A newly discovered genetic marker of DNA damage may be able to predict which patients with triple-negative breast cancer or serous ovarian cancer will respond to platinum-based chemotherapy drugs such as cisplatin or carboplatin. 

“We currently do not have any targeted therapies for patients with triple-negative breast cancer, so if these laboratory findings are confirmed and an assay is created to predict sensitivity to drugs that target defective DNA repair, it would be a major step forward,” affirmed Andrea Richardson, MD, PhD, in a statement issued by the American Association for Cancer Research. Richardson, an assistant professor of medicine at Dana-Farber Cancer Institute in Boston, Massachusetts, was the lead pathologist on the study that yielded the new marker, telomeric allelic imbalance (tAI).
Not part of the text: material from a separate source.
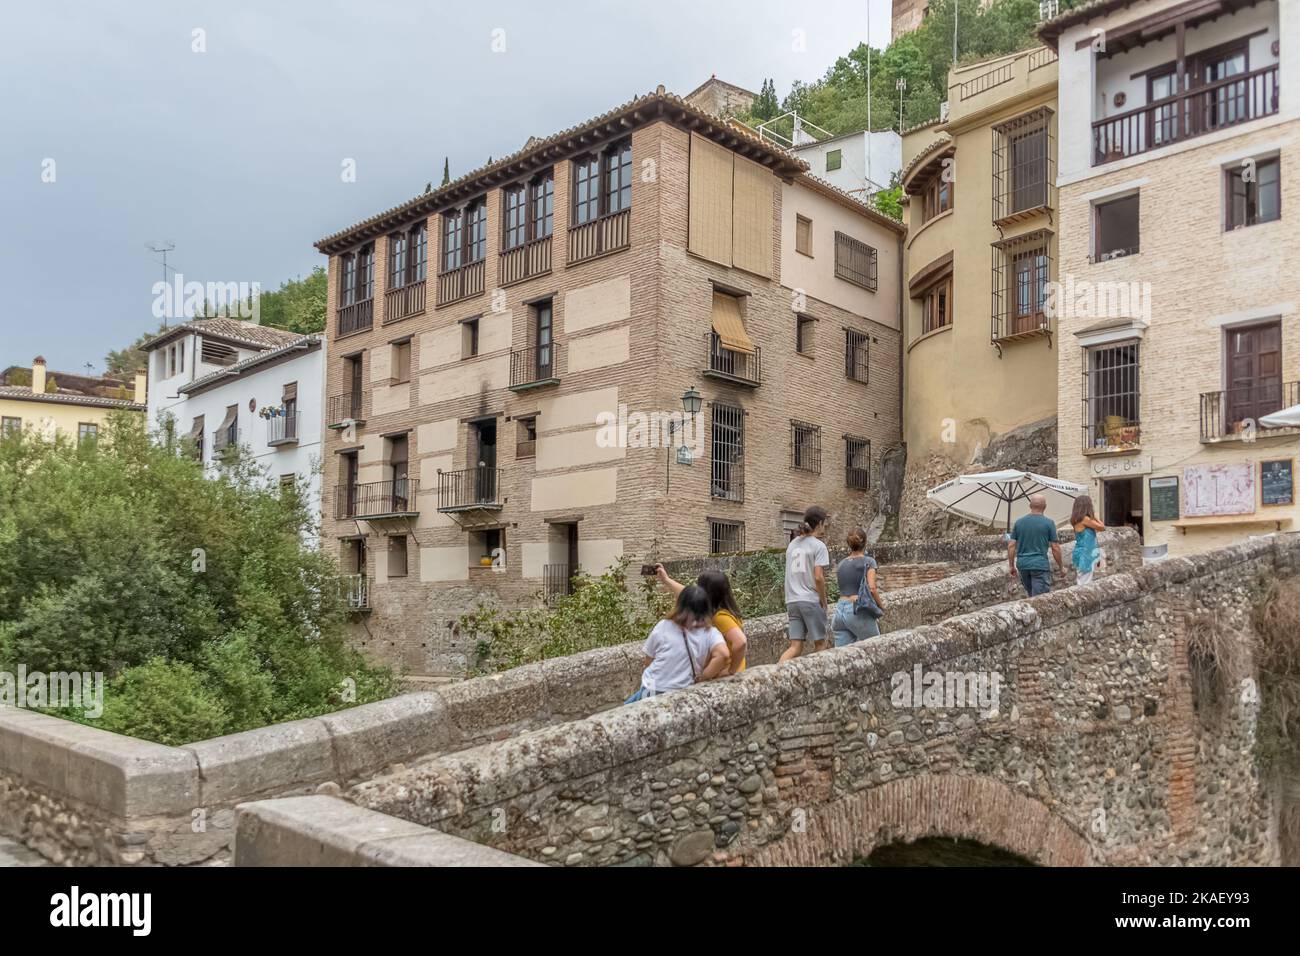 Granada Spain - 09 14 2021: View at the Darro Street, Paseo de los tristes, cabrera bridge, touristic people visiting iconic and picturesque street, A Stock Photo

DNA repair status is known to be a predictor of sensitivity to therapy and thus prognosis: Whereas some cancer cells can repair DNA molecules that have been damaged by drug or radiation therapy, other cancer cells have lost this capacity, making them vulnerable to DNA-damaging agents. However, measurements of DNA repair status have been slow to arrive. Now, tAI appears to identify breast and ovarian cancer cells that can’t repair the DNA damage caused by platinum drugs. This information can be used to distinguish patients who can be treated effectively with a single platinum-based drug and avoid the toxicities of other chemotherapy combinations.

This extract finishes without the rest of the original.